The inclusion criteria for T2DM+ATHR group (39 females) were to be diagnosed with T2DM at the beginning of the study and with (5–21 years) duration of the disease. Their age ranged from (43–57 years). BMI ranged from (24–39.1 kg/m2). The T2DM-ATHR (22 females) included, were diagnosed diabetics with (1–15 years) duration. Their age ranged from (43–60) years. BMI ranged from (22.2–37.1 kg/m2). The control group includes 8 females, apparently healthy subjects with matching socioeconomic status. Their age ranged from (43–51 years) and BMI ranged from (19.5–35.76 kg/m2).

Material and methods

Blood samples collection

Venous blood sample (6 ml) was withdrawn from each subject after an overnight fasting (12 hours). The blood sample was divided into two tubes; 2 ml were added to EDTA coated tube to measure glycated hemoglobin (HbA1c) and 4 ml were allowed to clot at room temperature then centrifuged at 3000 rpm for 15 minutes and serum was separated.

Serum measurements

Sera were divided into two aliquots; one of them was stored at -20°C till assessment of SOST (using commercially available Human serum Sclerostin (SOST) ELISA kit Glory Science Co., Ltd, Catalog no.: 95081, USA), irisin (using commercially available Human serum Irisin ELISA kit Glory Science Co., Ltd, Catalog no.: 95512, USA) and serum Insulin concentration using commercially available Human serum Insulin ELISA kit DRG Diagnostics, Catalog no.: EIA-2935, DRG Diagnostics Instruments GmbH, Germany.

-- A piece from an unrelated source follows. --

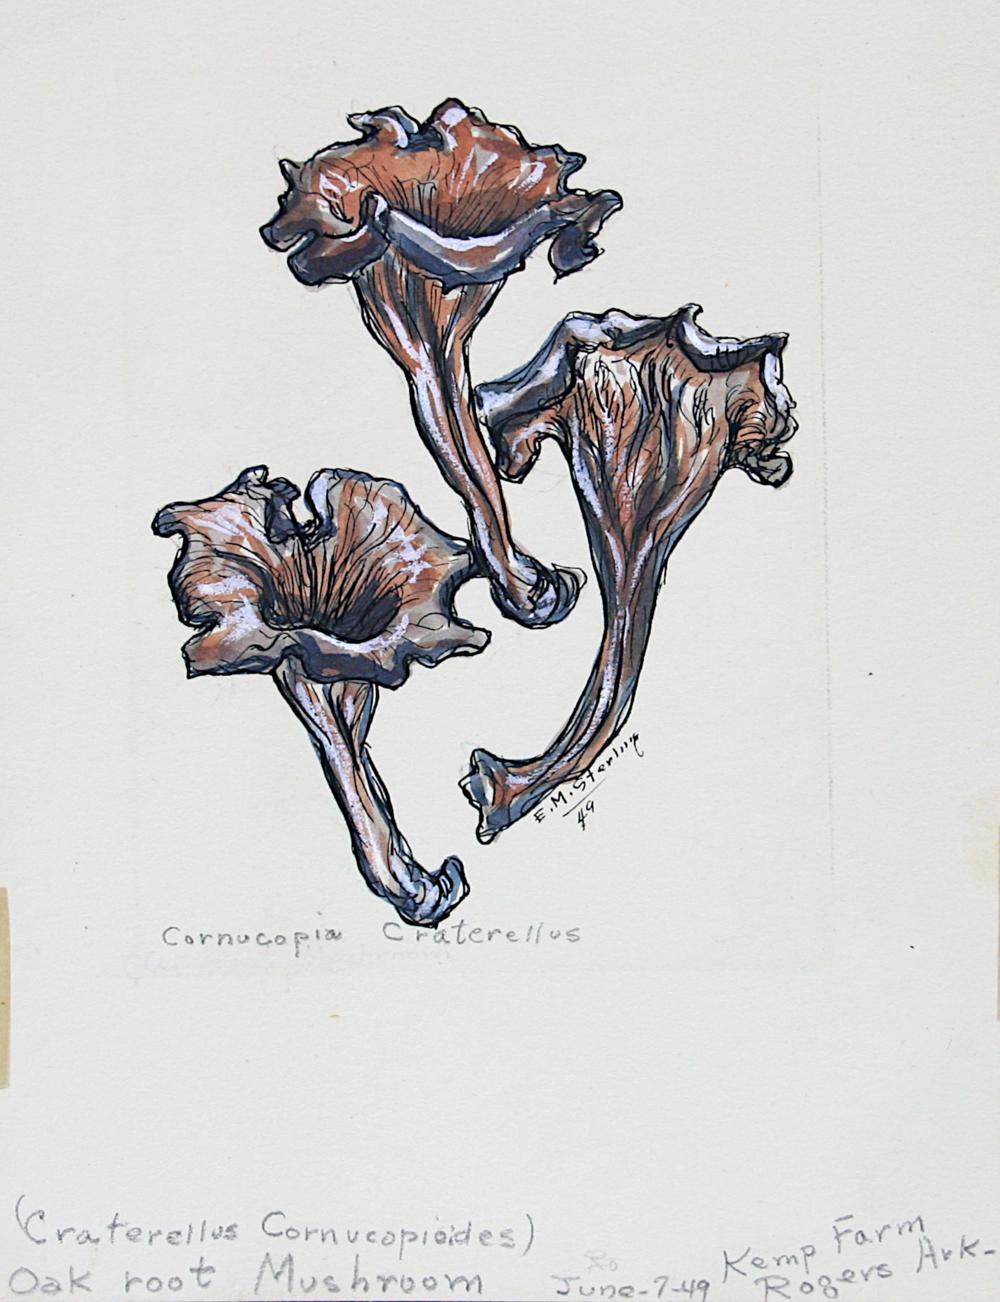 Oak Root Mushroom

The other part was used immediately to assess fasting blood glucose and lipid profile (total cholesterol "T-C", HDL-C, LDL-C and triacylglycerol "TAG") using standard automated laboratory techniques. Both fasting glucose and insulin levels were used for assessment of insulin resistance by calculating Homeostasis Model Assessment (HOMA) index according to (Levy [21]. HOMA-IR = fasting insulin (μIU/ml) X fasting glucose (mmol/L)/22.5.

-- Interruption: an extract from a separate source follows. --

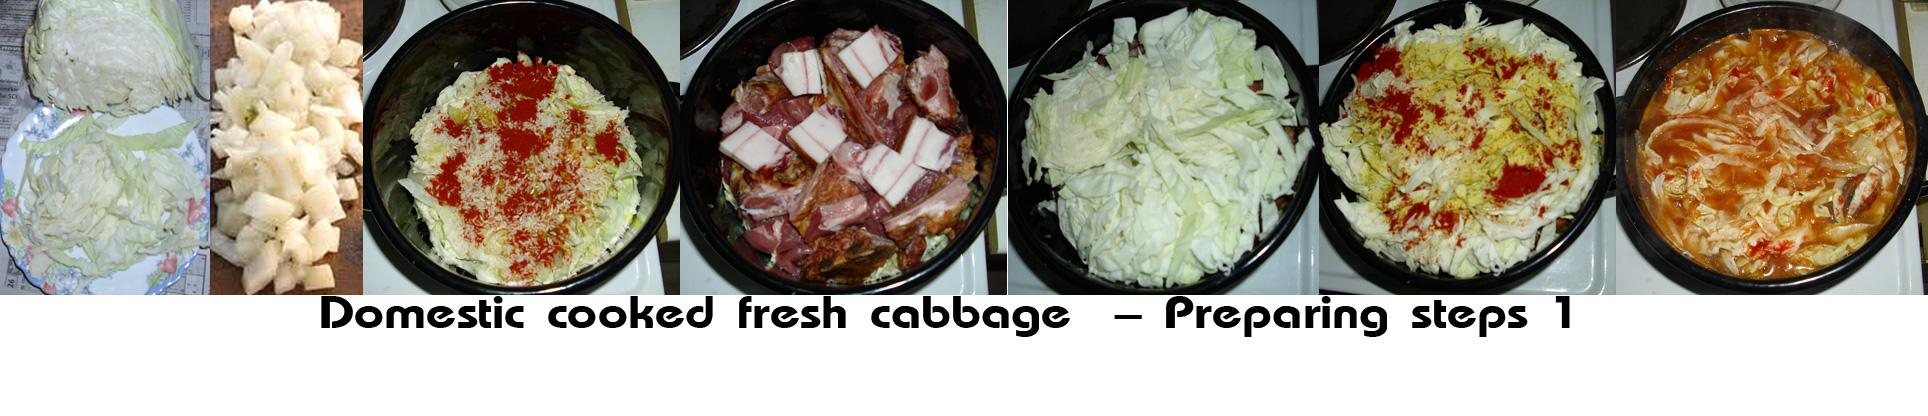 Domestic cooked fresh cabbage prepare1

Serum SOST was measured using a quantitative sandwich ELISA and the color change is measured spectrophotometrically at a wavelength of 450 nm. The concentration of SOST in the samples is then determined by comparing the optical density (O.D.) of the samples to the standard curve, they are reported throughout in picograms per mL (pg/mL) and the detection range is 80–4000 pg/mL.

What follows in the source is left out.